WORK REQUEST: Restate word for word the lines below from the one that has "ALTUZARRA, 'Ilari' Rope" through the one that has "Hotel Hôtel By Beldi", keeping both and dropping all pictures.

EXTRACTED INFORMATION:
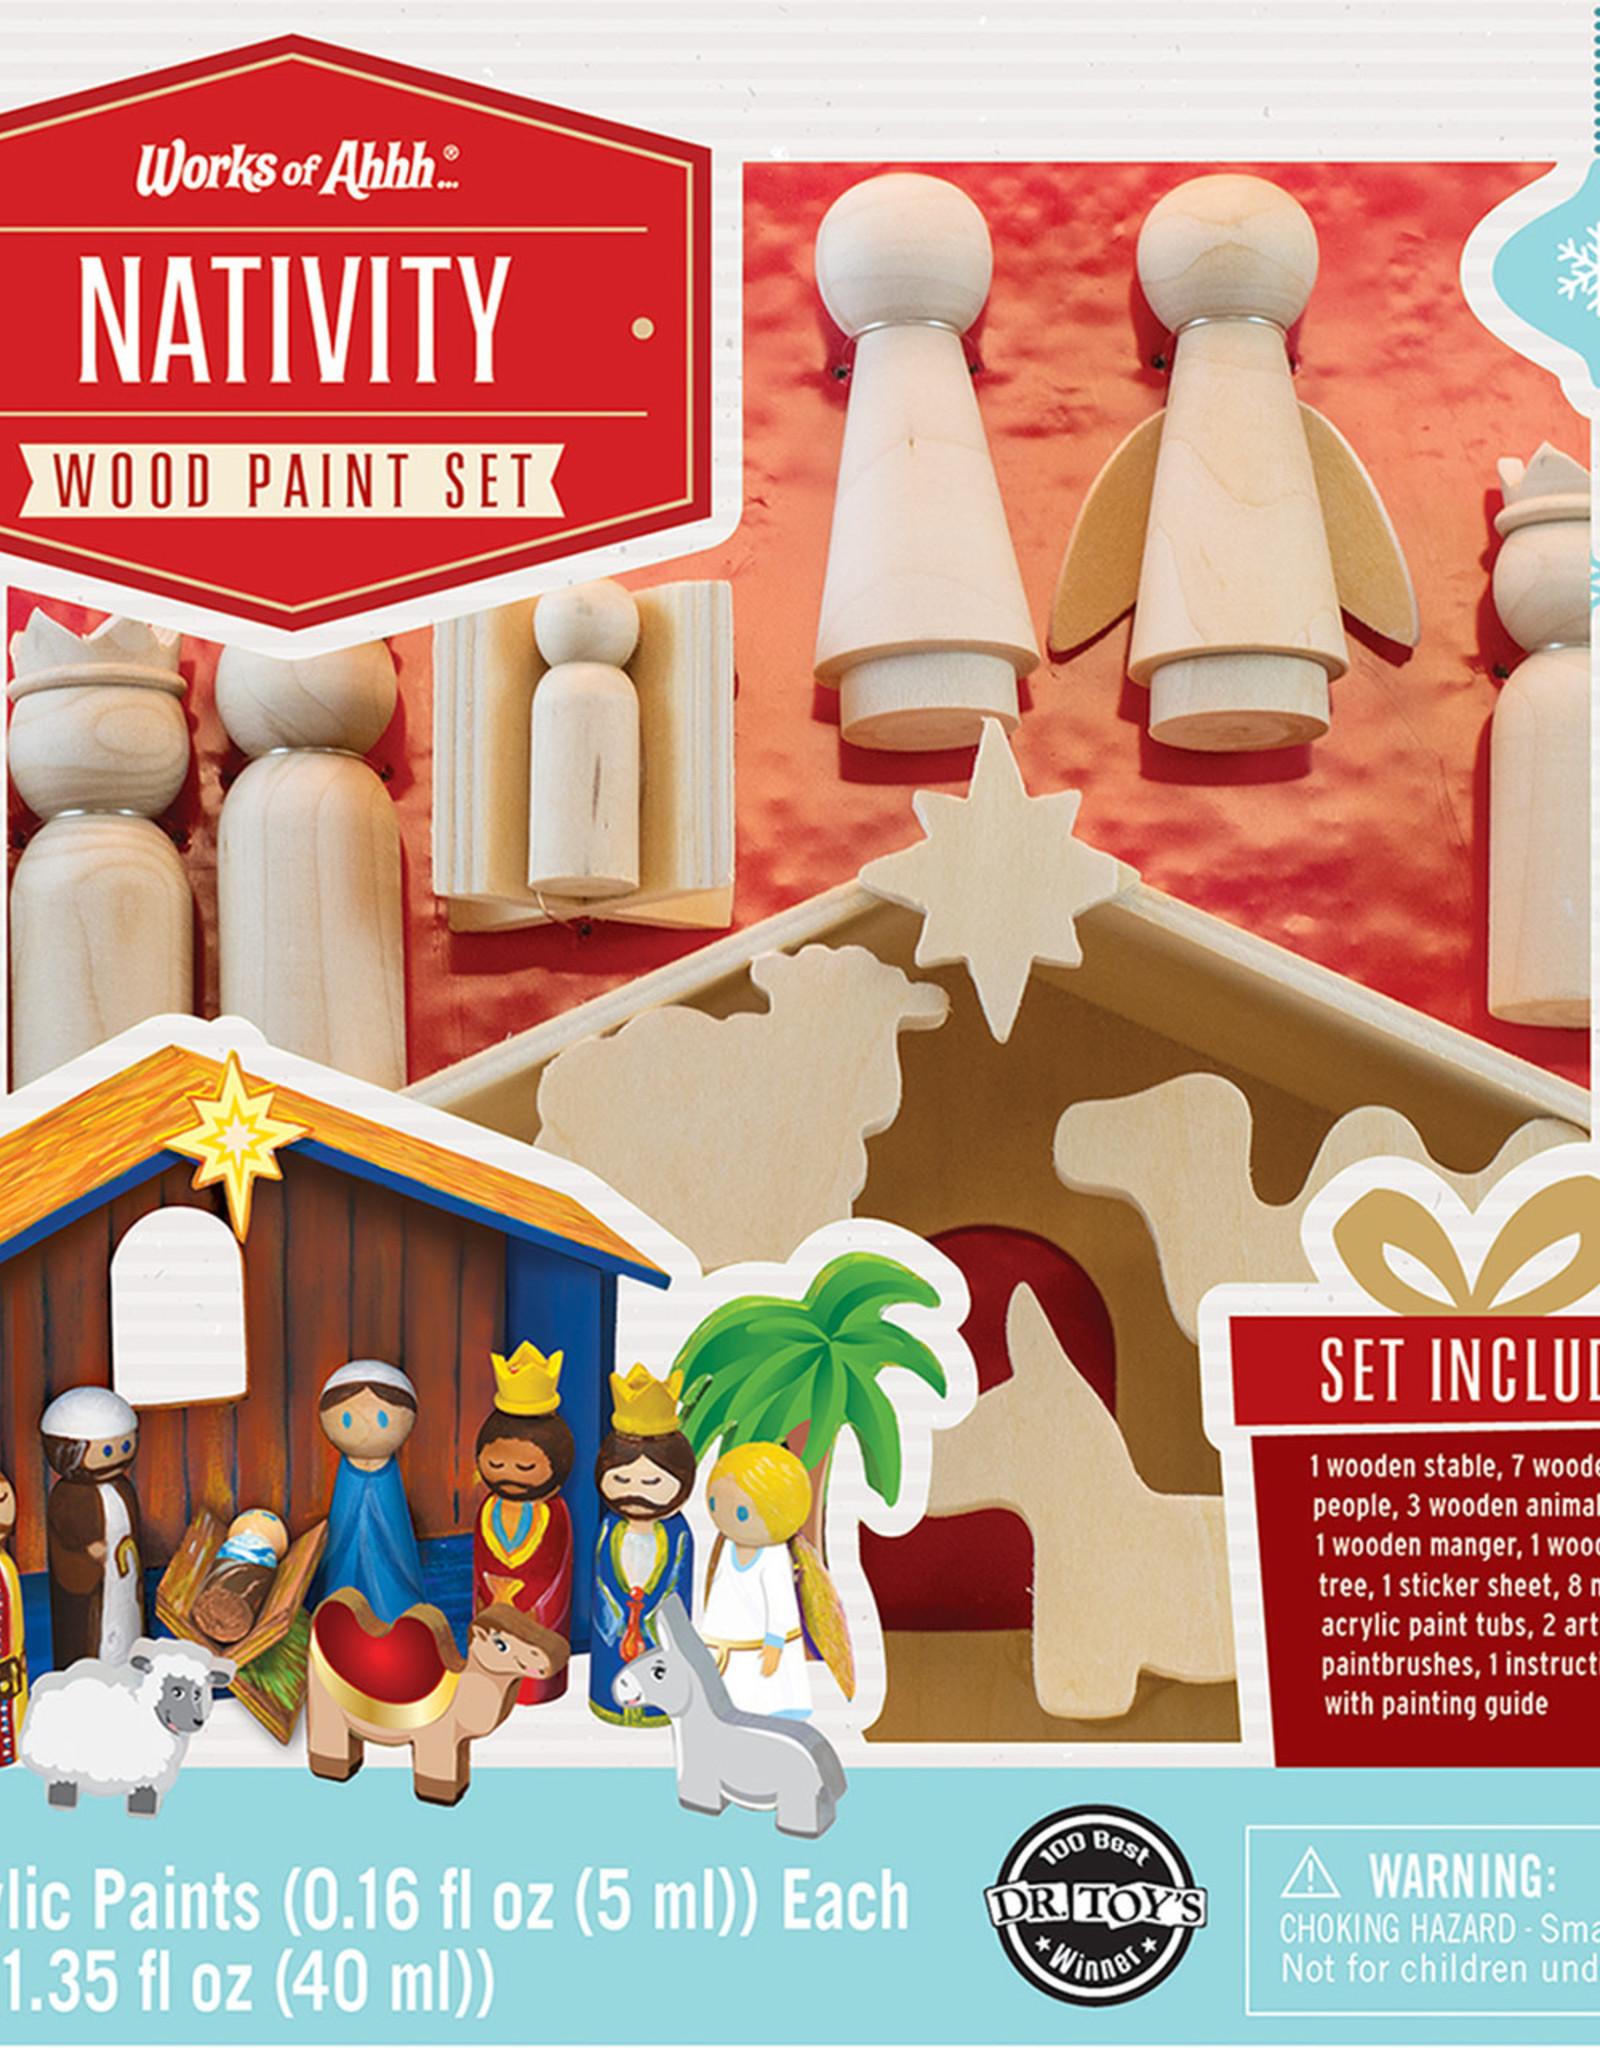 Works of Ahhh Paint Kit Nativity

---

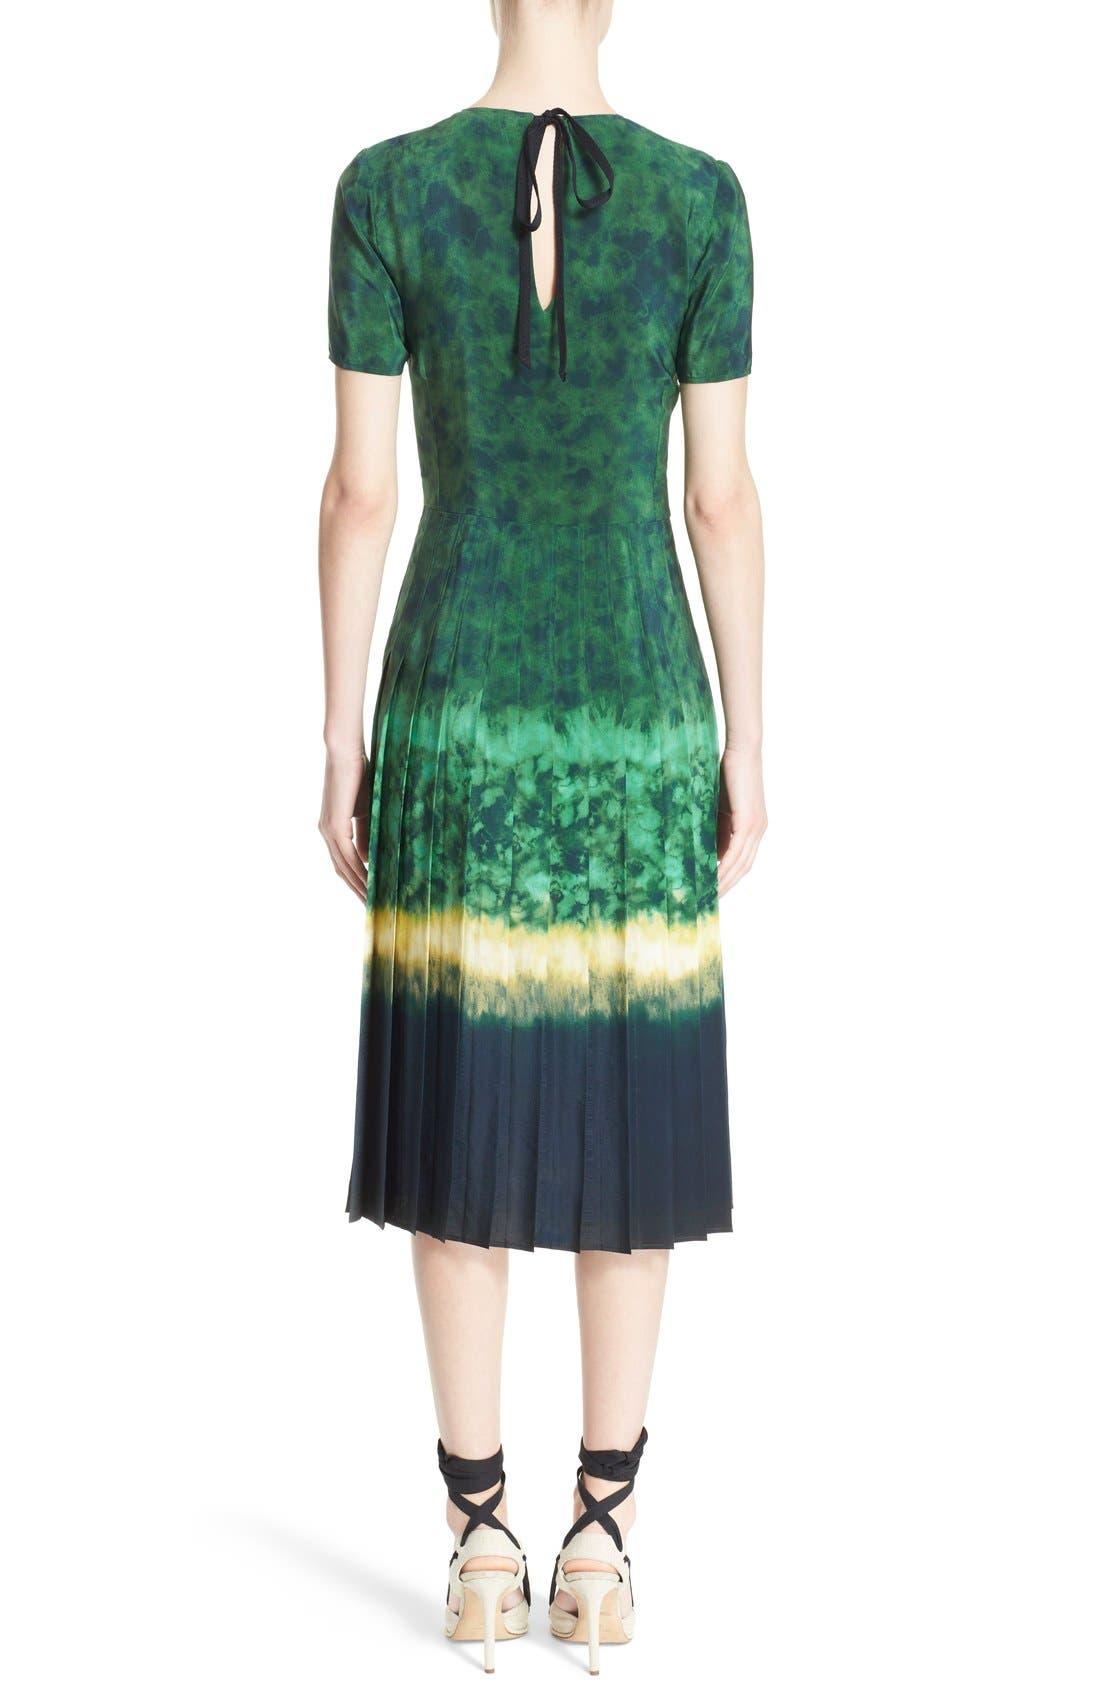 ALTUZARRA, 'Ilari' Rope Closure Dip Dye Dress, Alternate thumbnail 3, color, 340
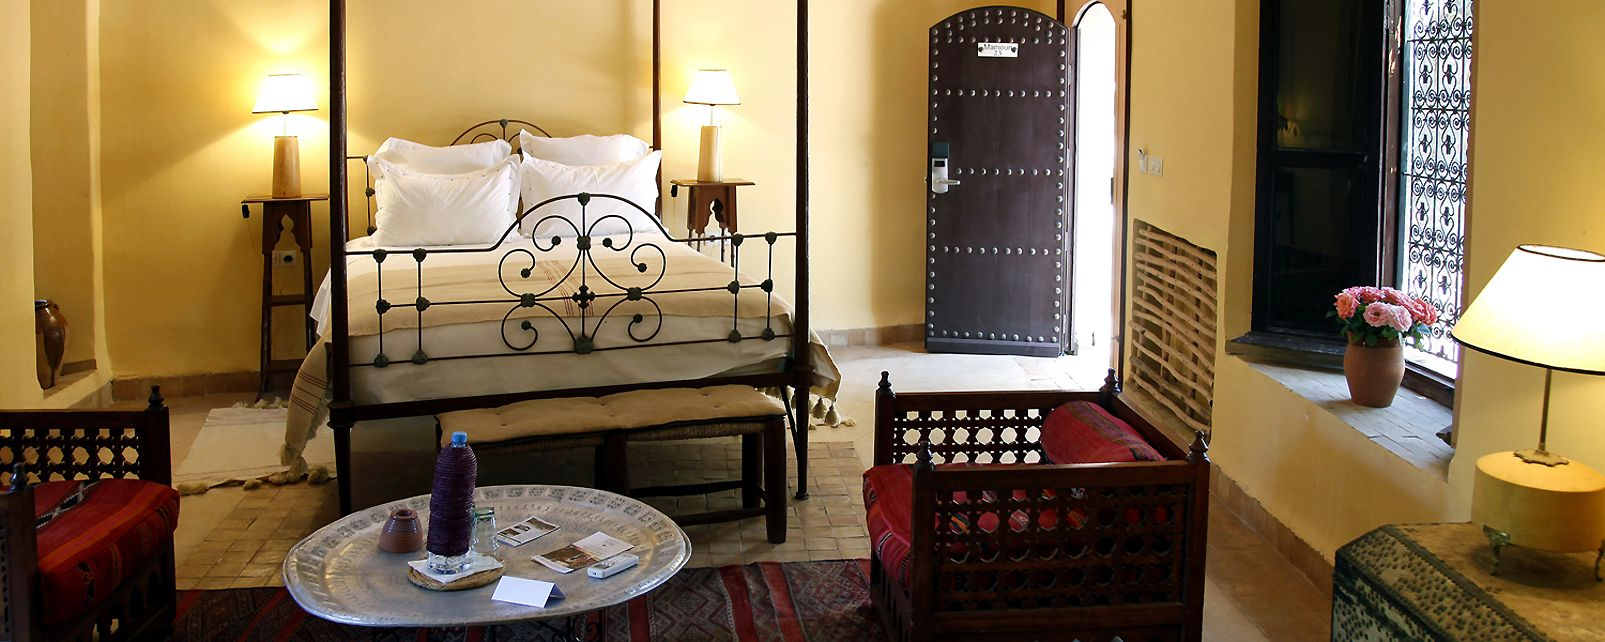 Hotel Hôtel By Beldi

* * *

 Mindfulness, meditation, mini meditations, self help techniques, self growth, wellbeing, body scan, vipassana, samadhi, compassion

RESPONSE FOR THIS EXERCISE:
 ALTUZARRA, 'Ilari' Rope Closure Dip Dye Dress, Alternate thumbnail 3, color, 340
 Hotel Hôtel By Beldi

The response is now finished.